= Beginning of Section =

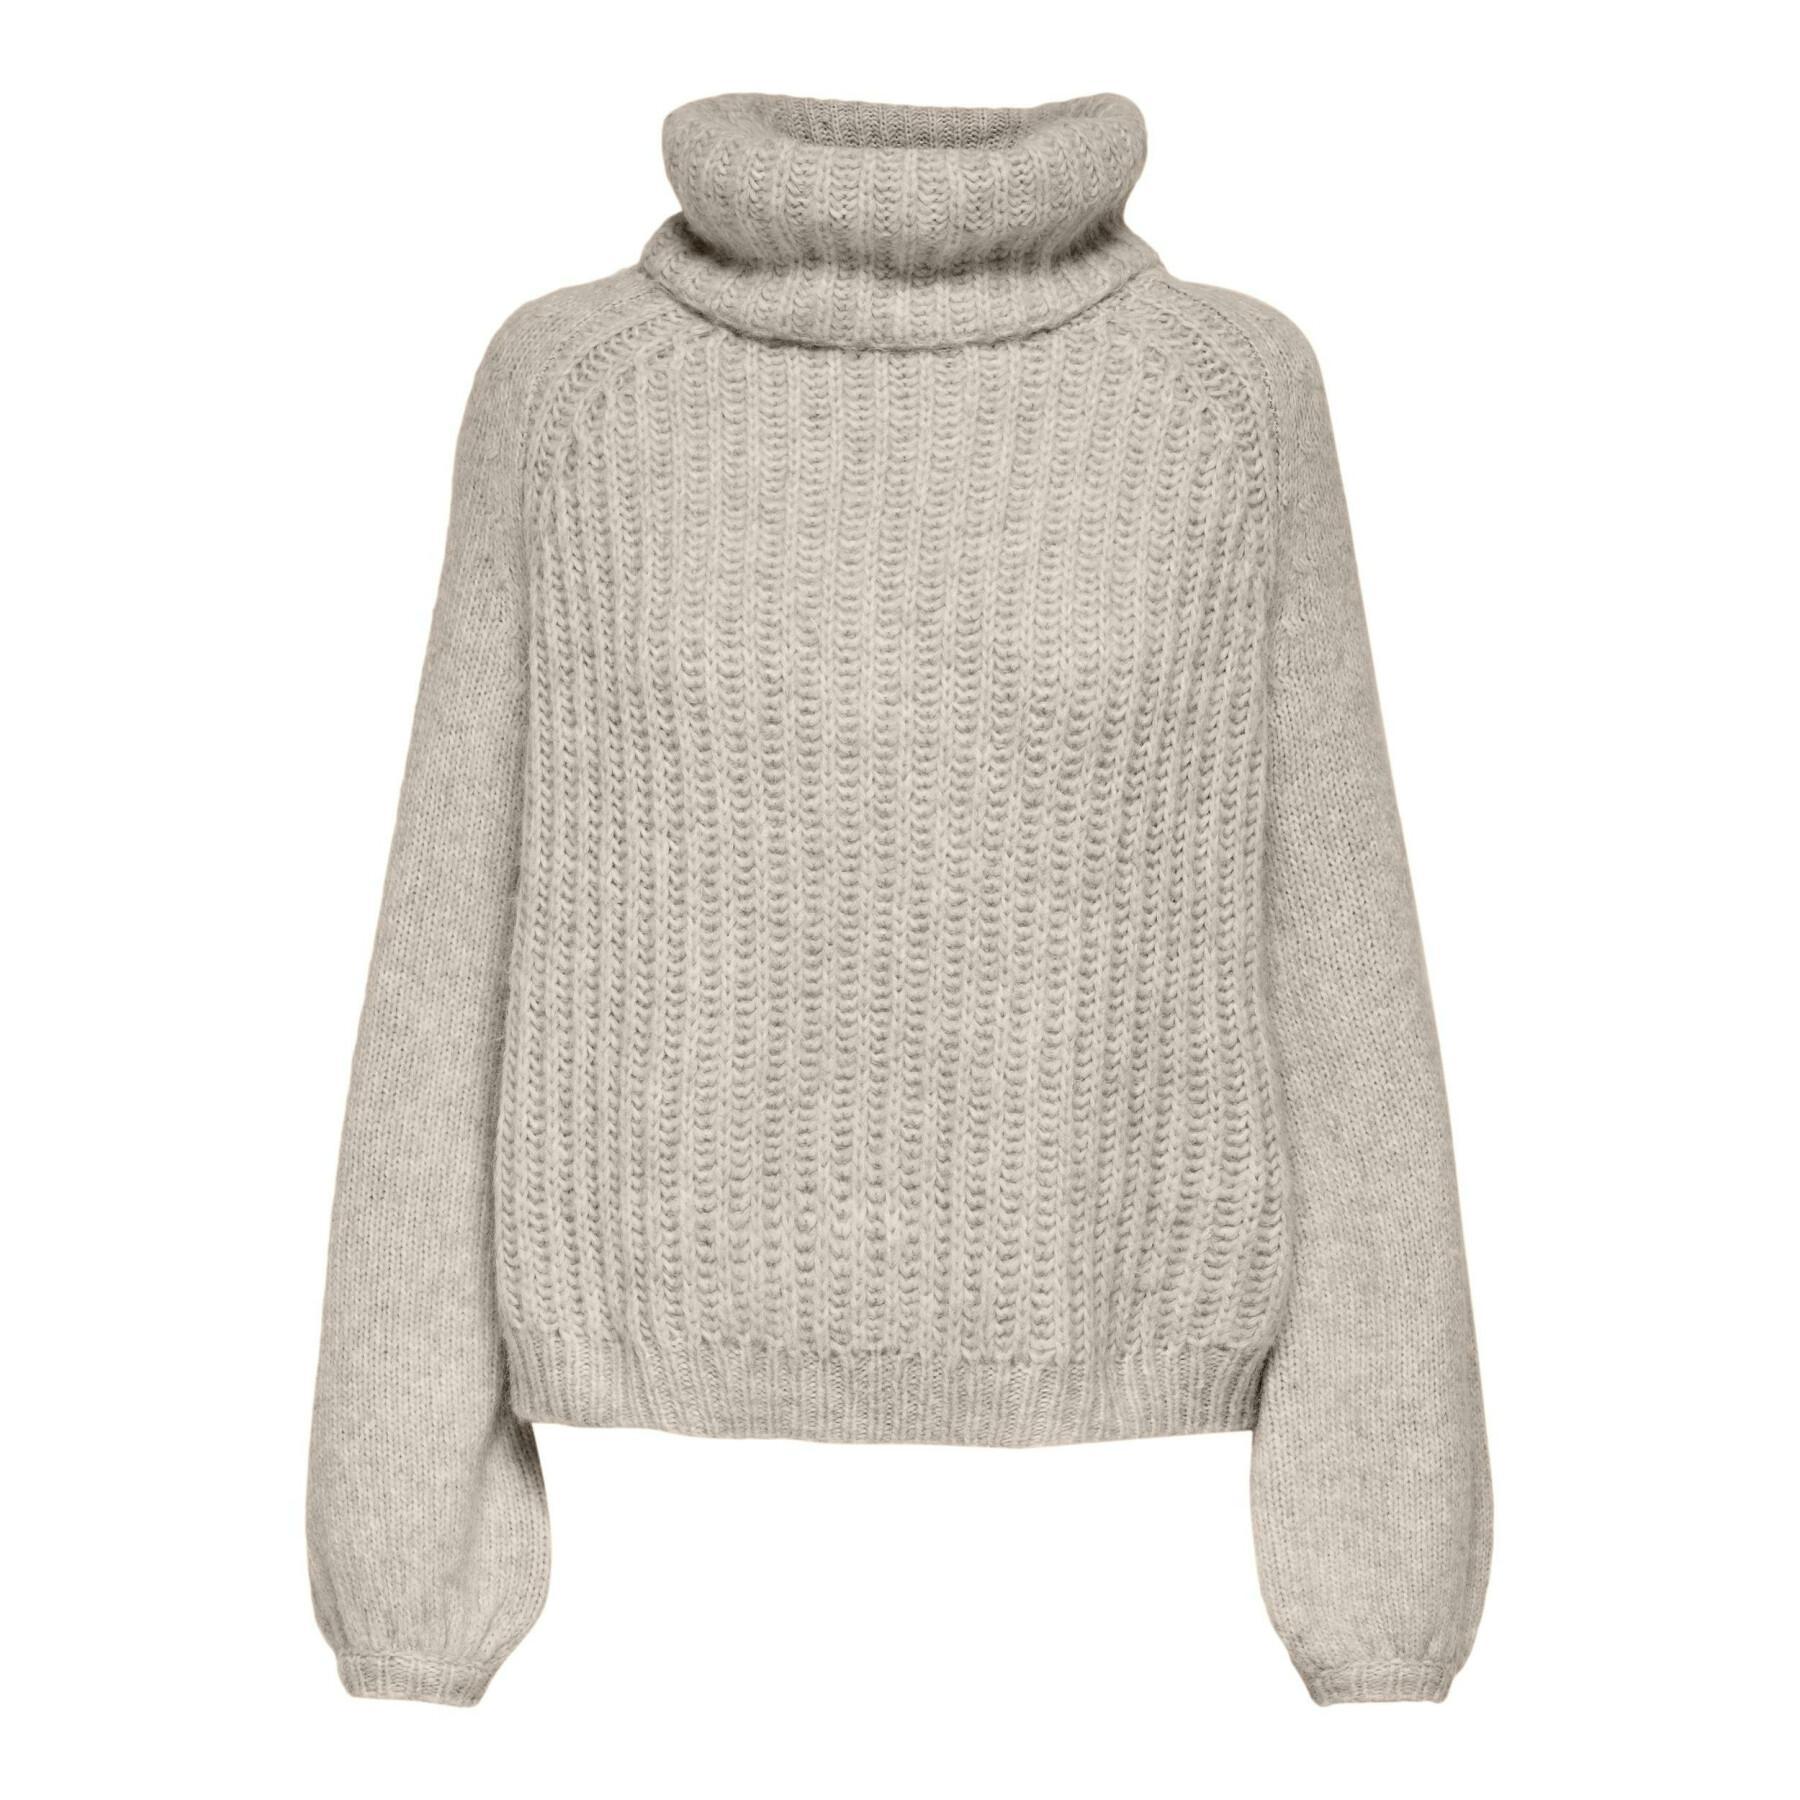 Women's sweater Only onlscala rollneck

= End of Section =
= Beginning of Section =

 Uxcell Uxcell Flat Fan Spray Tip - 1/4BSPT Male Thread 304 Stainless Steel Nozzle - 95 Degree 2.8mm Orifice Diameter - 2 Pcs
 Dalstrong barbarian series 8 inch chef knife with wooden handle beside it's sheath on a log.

= End of Section =
= Beginning of Section =

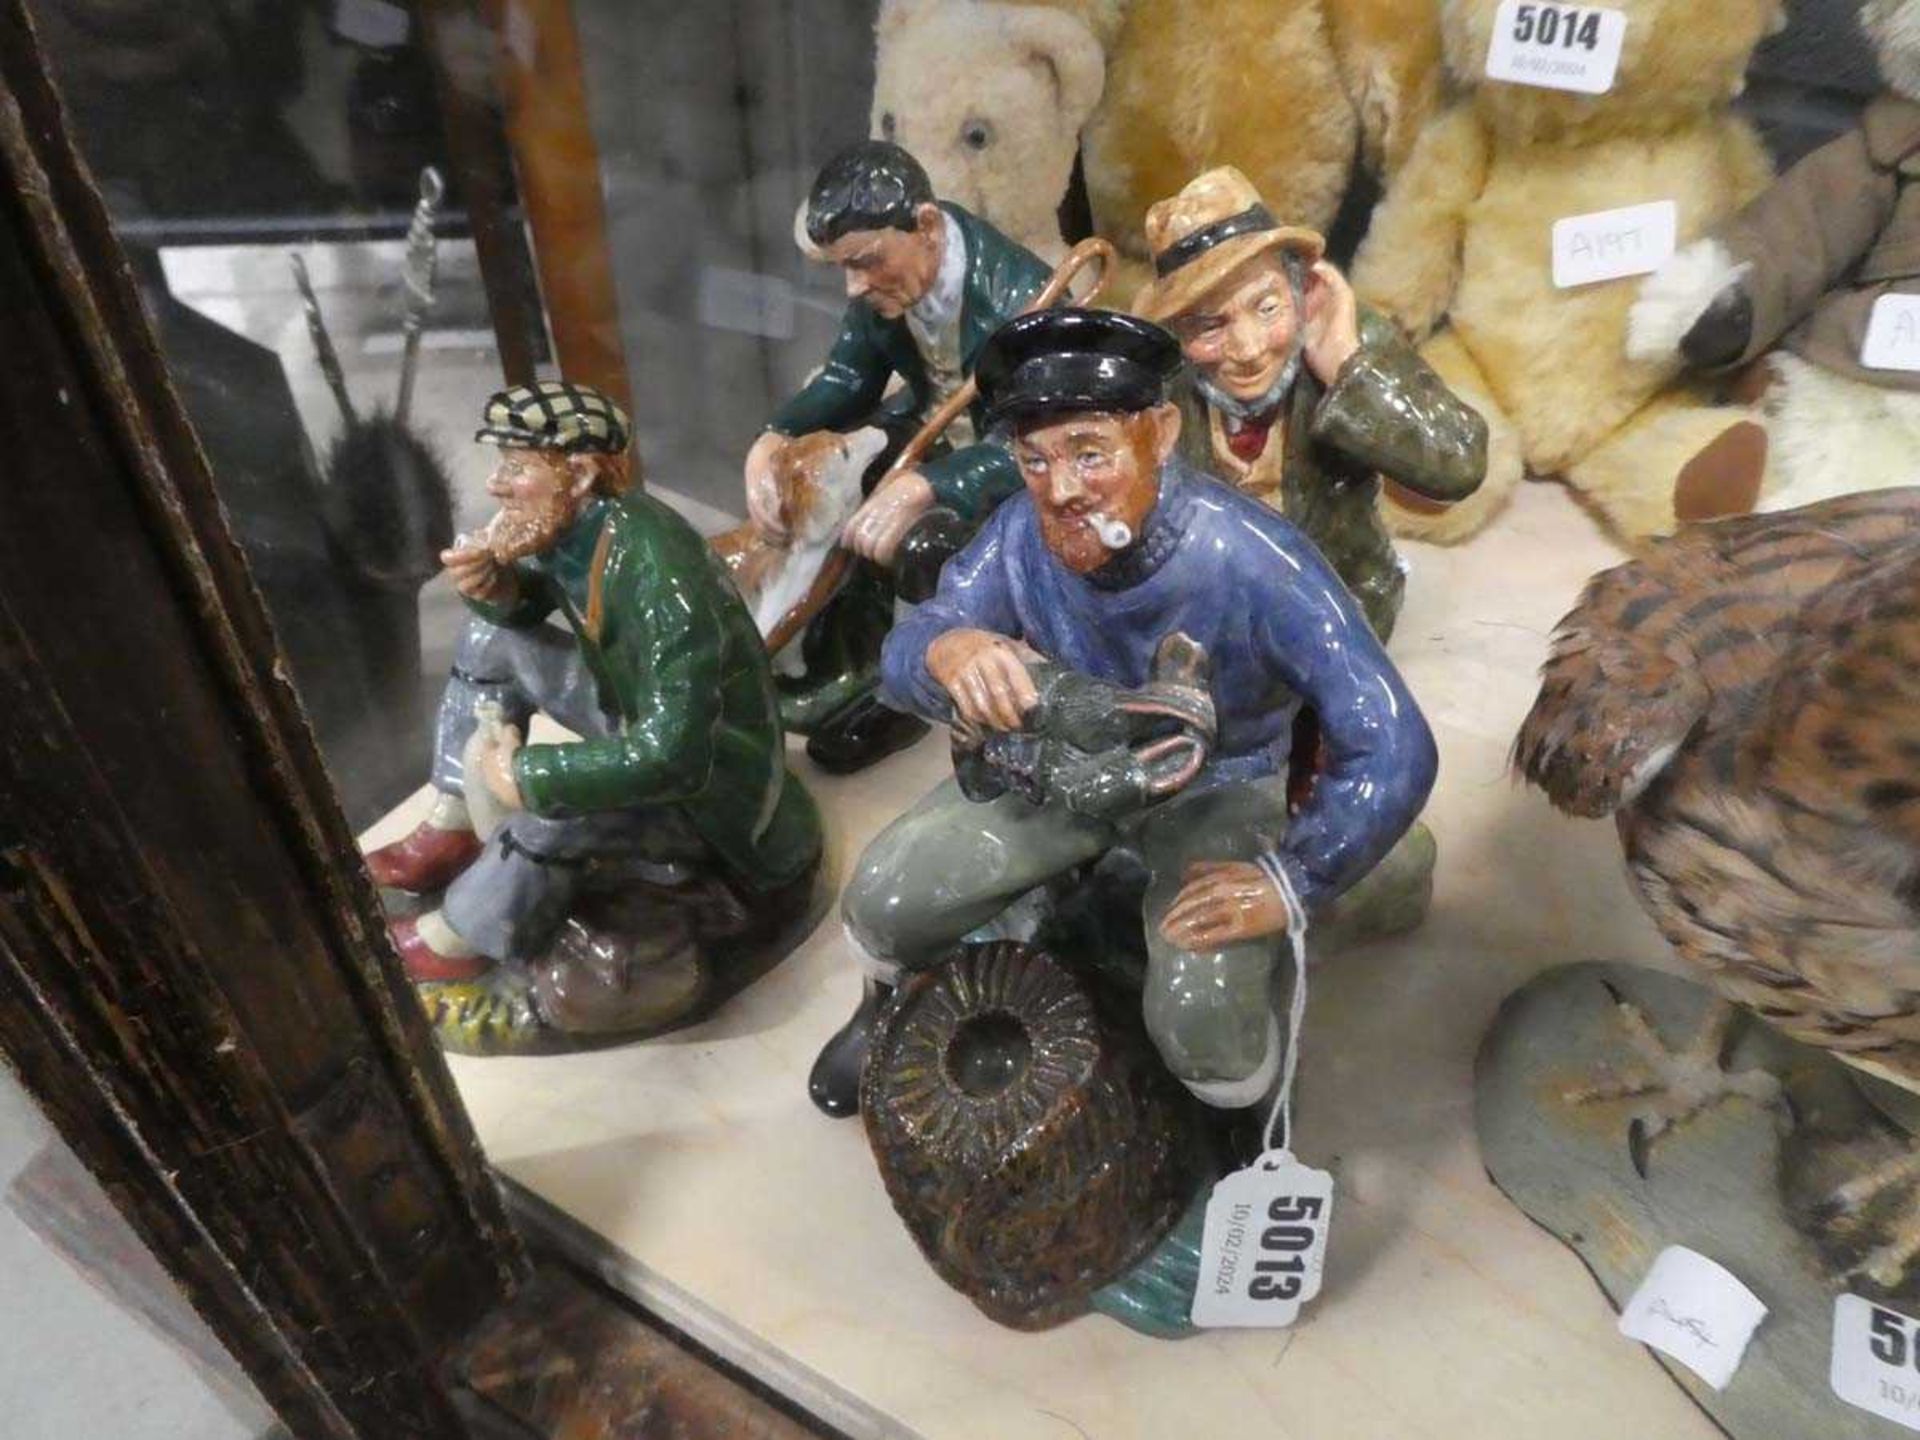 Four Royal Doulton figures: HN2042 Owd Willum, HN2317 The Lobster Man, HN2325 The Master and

= End of Section =

▸ WHAT YOU NEED TO DO
All lines above from the line with "Uxcell Uxcell Flat" through the line with "Dalstrong barbarian series", both included, are to be set down exactly, with nothing else.

▸ TASK RESPONSE
 Uxcell Uxcell Flat Fan Spray Tip - 1/4BSPT Male Thread 304 Stainless Steel Nozzle - 95 Degree 2.8mm Orifice Diameter - 2 Pcs
 Dalstrong barbarian series 8 inch chef knife with wooden handle beside it's sheath on a log.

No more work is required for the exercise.